Recent advances in the application of Raman spectroscopy in heterogeneous catalysis

Raman spectroscopy has been widely applied in heterogeneous catalysis research in recent years due to its non-destructive nature, high spatial resolution, and compatibility with gas-solid and solid-liquid interfaces under both in situ and operando conditions. This review, based on the author’s research experience, systematically summarizes the recent advances in the application of Raman spectroscopy in the field of heterogeneous catalysis, especially thermal catalysis. Particular attention is given to its strengths in structural identification, defect analysis, surface adsorption, intermediate tracking, and dynamic process monitoring. The article begins with a brief overview of the fundamental principles of Raman scattering and the design of reaction cells, followed by detailed discussions on its applications in representative catalytic systems, including vanadium oxides, ceria, copper-exchanged zeolites, perovskite oxides, and carbon materials.
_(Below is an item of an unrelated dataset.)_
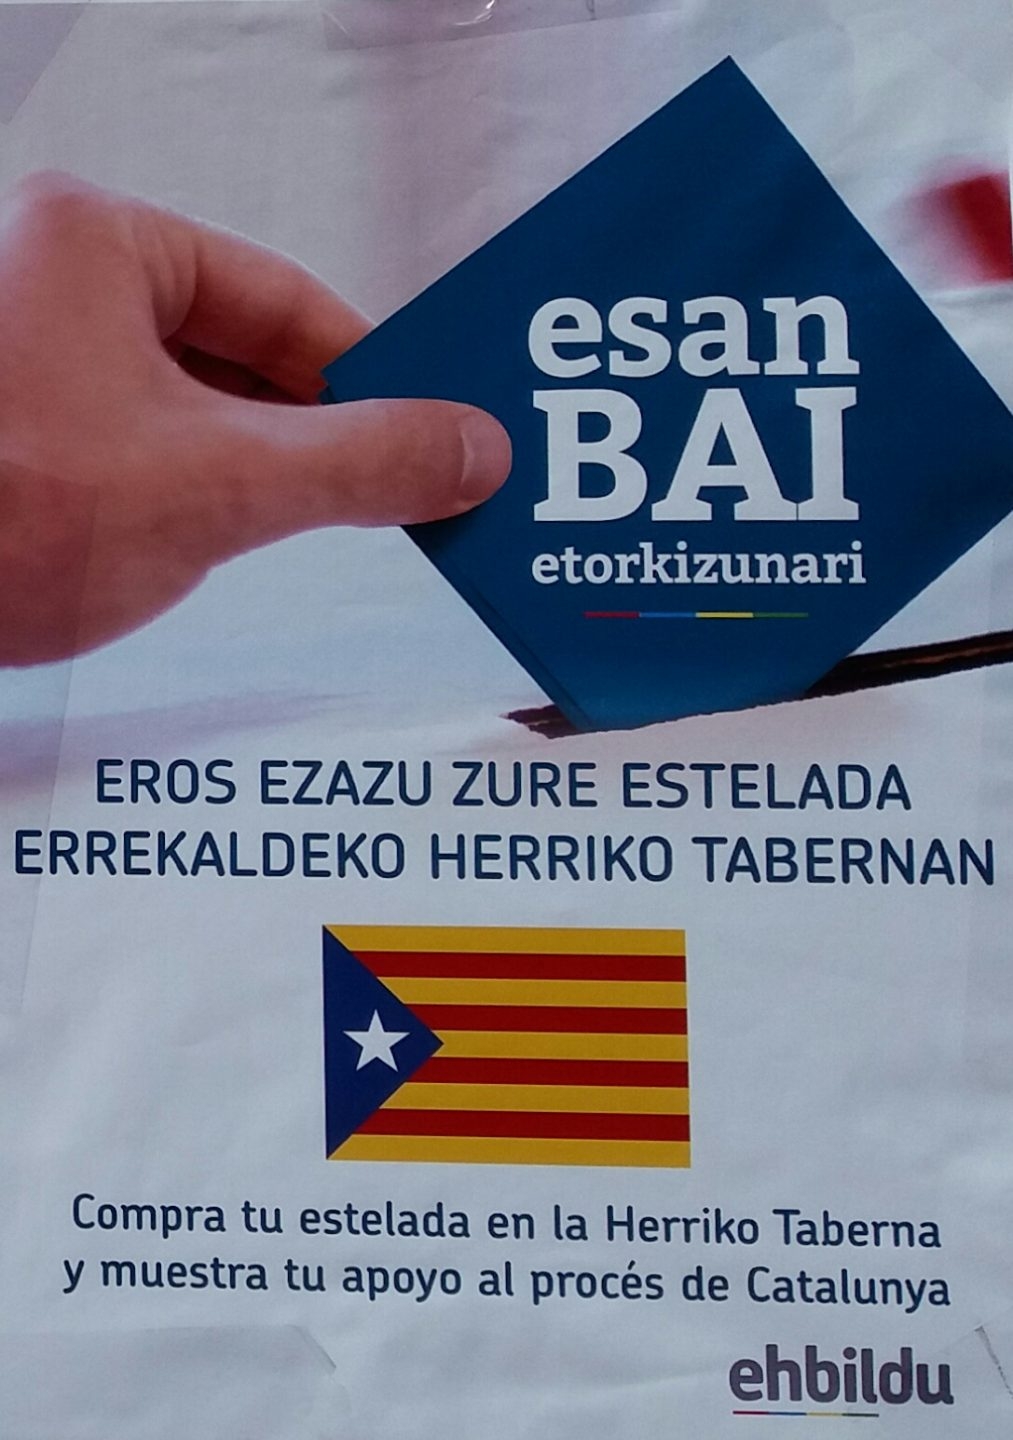 Uno de los carteles promovidos por EH Bildu en los que se insta a comprar esteladas en una 'Herriko Taberna'.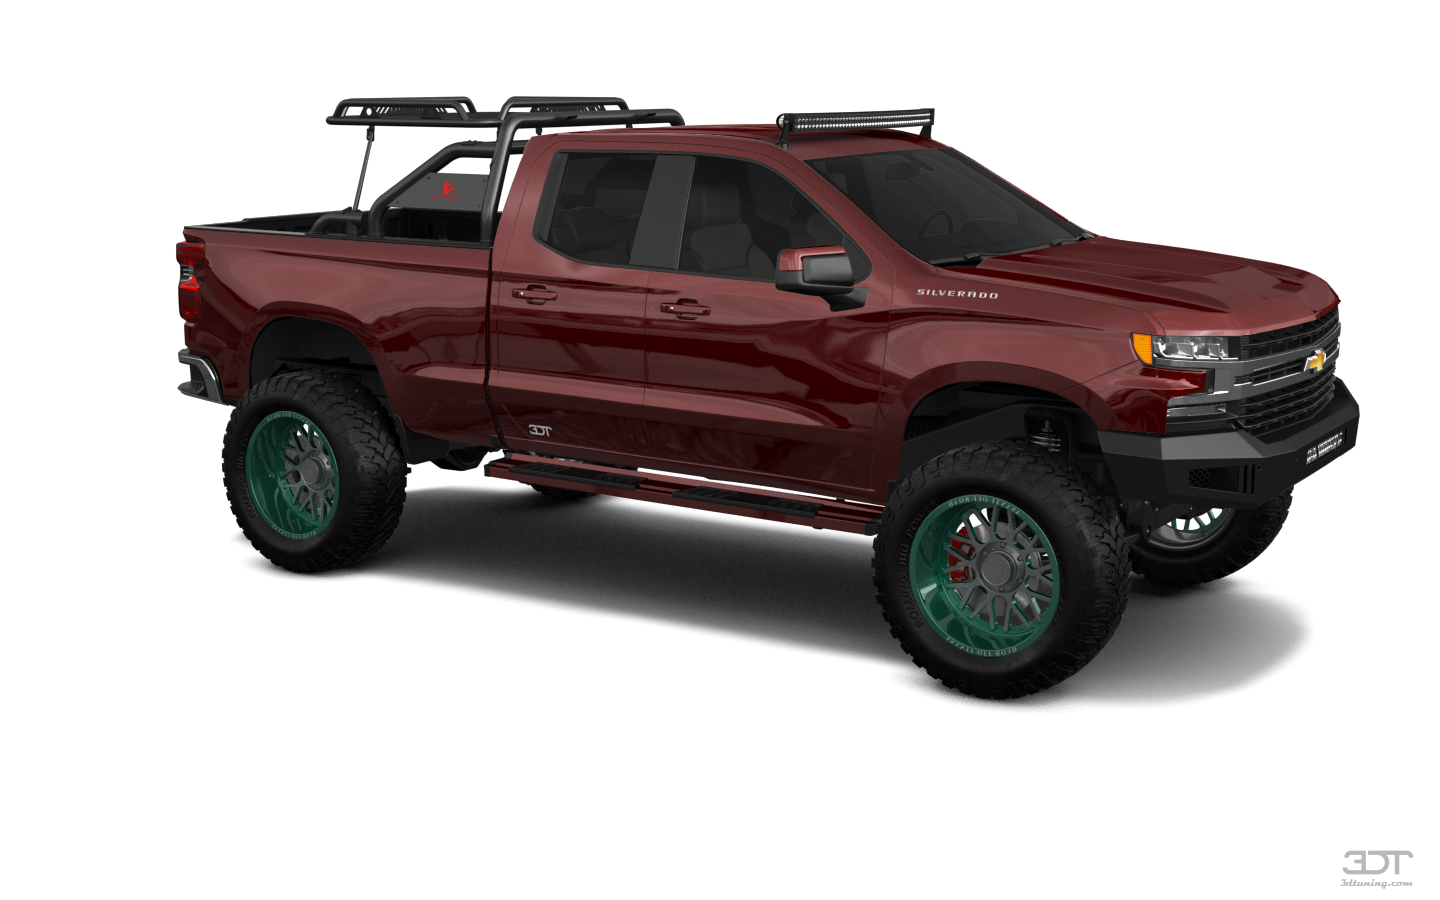 Chevrolet Silverado 1500 6.6 ft box 4 Door pickup truck 2021 tuning

The review further highlights the progress in high spatiotemporal resolution Raman techniques, modulated excitation strategies, and their roles in distinguishing active species from spectators. Moreover, the potential of advanced approaches such as resonance Raman, computational Raman, and machine learning in interpreting Raman spectra and elucidating catalytic mechanisms is discussed. Finally, the major current challenges in the field are analyzed, and future research prospects are proposed, aiming to provide insights for promoting the application of Raman spectroscopy in heterogeneous catalysis.